■ **TASK DESCRIPTION**: After locating the line that holds "blue hair girl, a", repeat it and each following line exactly until the material ends, skipping pictures.

■ **DATA SHOWN**:

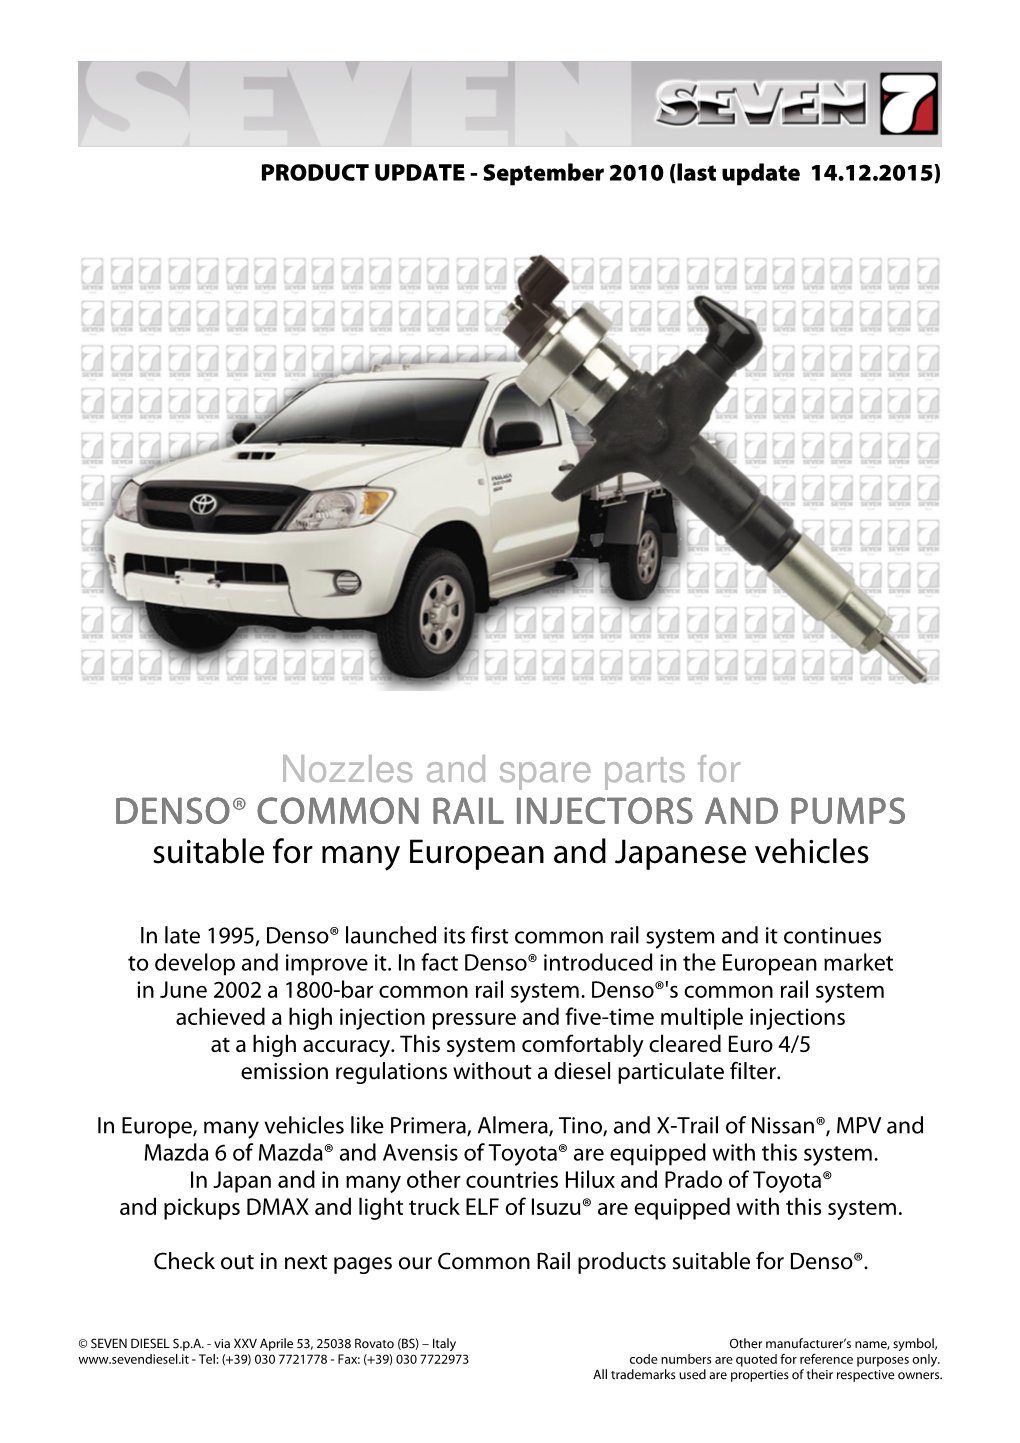 Nozzles and Spare Parts for DENSO® COMMON RAIL INJECTORS AND
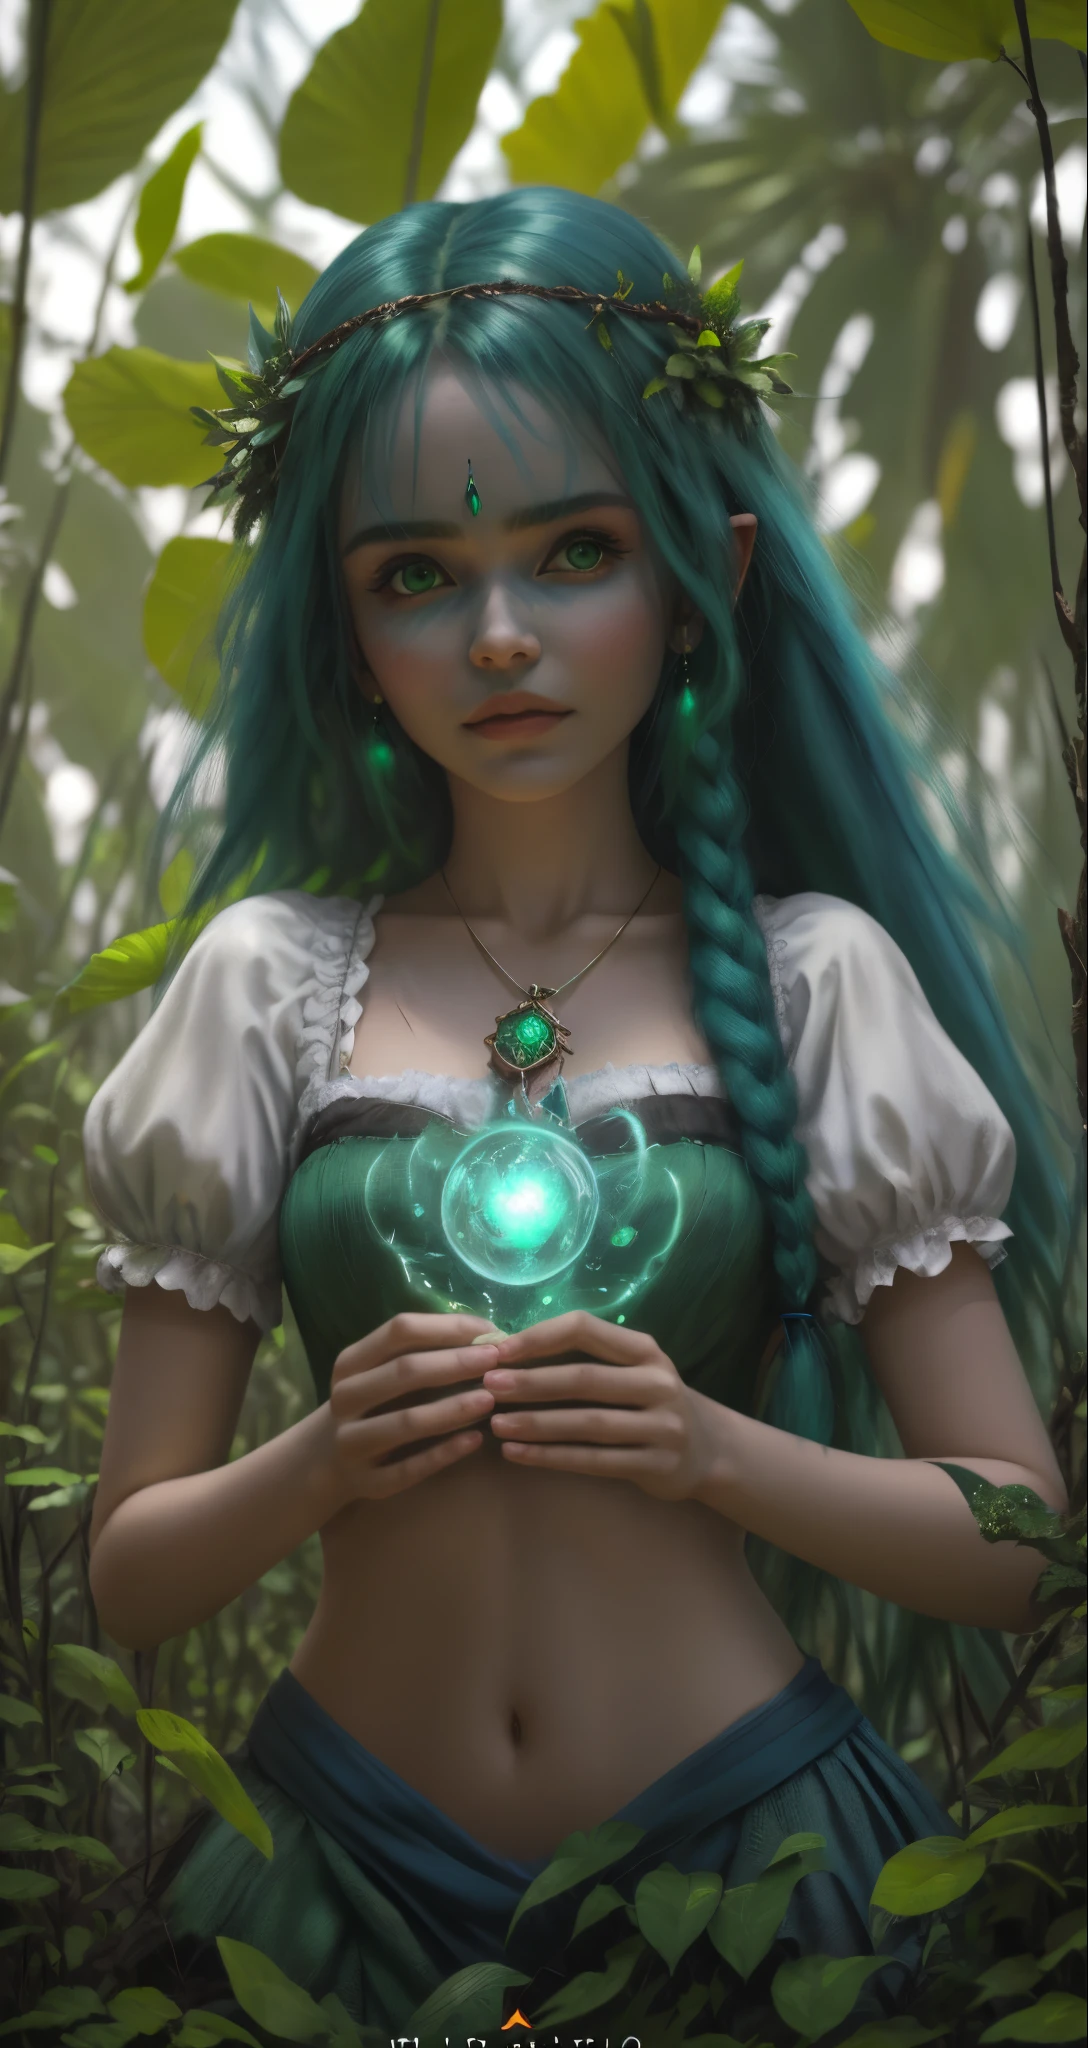 blue hair girl, a girl in the forest, fantasy movie poster, blue hair girl,  girl in a forest at dusk, magic everywhere, sunset, jinx from arcane, girl in a garden full of flowers, traces of green magic, green magic
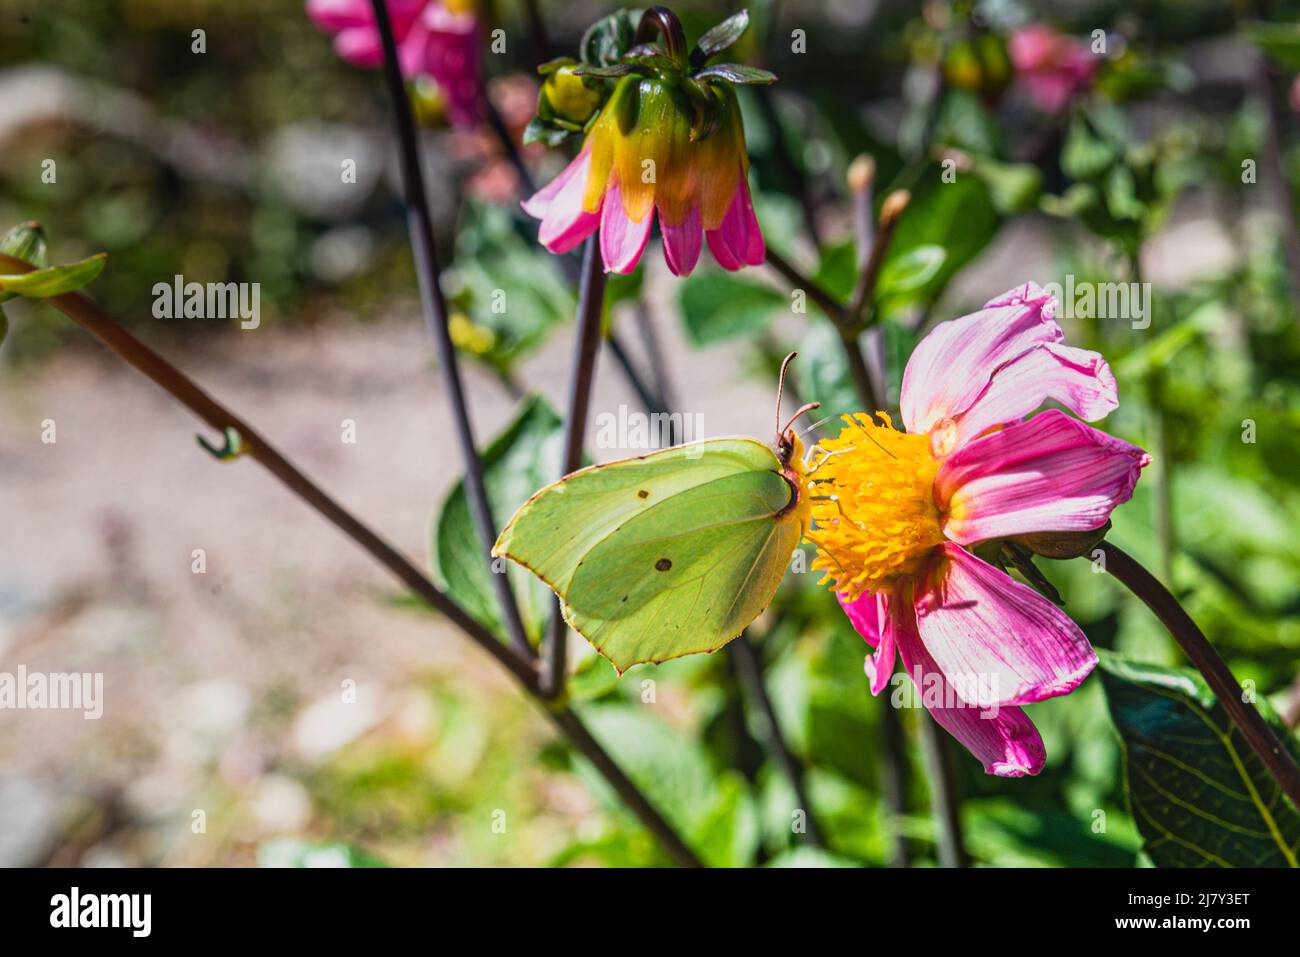 Gonepteryx rhamni Brimstones butterfly. Yellow butterfly detail collecting nectar from flowers shows the role insects (pollinator) play in pollination Stock Photo

■ **EXERCISE ANSWER**:
 blue hair girl, a girl in the forest, fantasy movie poster, blue hair girl,  girl in a forest at dusk, magic everywhere, sunset, jinx from arcane, girl in a garden full of flowers, traces of green magic, green magic
 Gonepteryx rhamni Brimstones butterfly. Yellow butterfly detail collecting nectar from flowers shows the role insects (pollinator) play in pollination Stock Photo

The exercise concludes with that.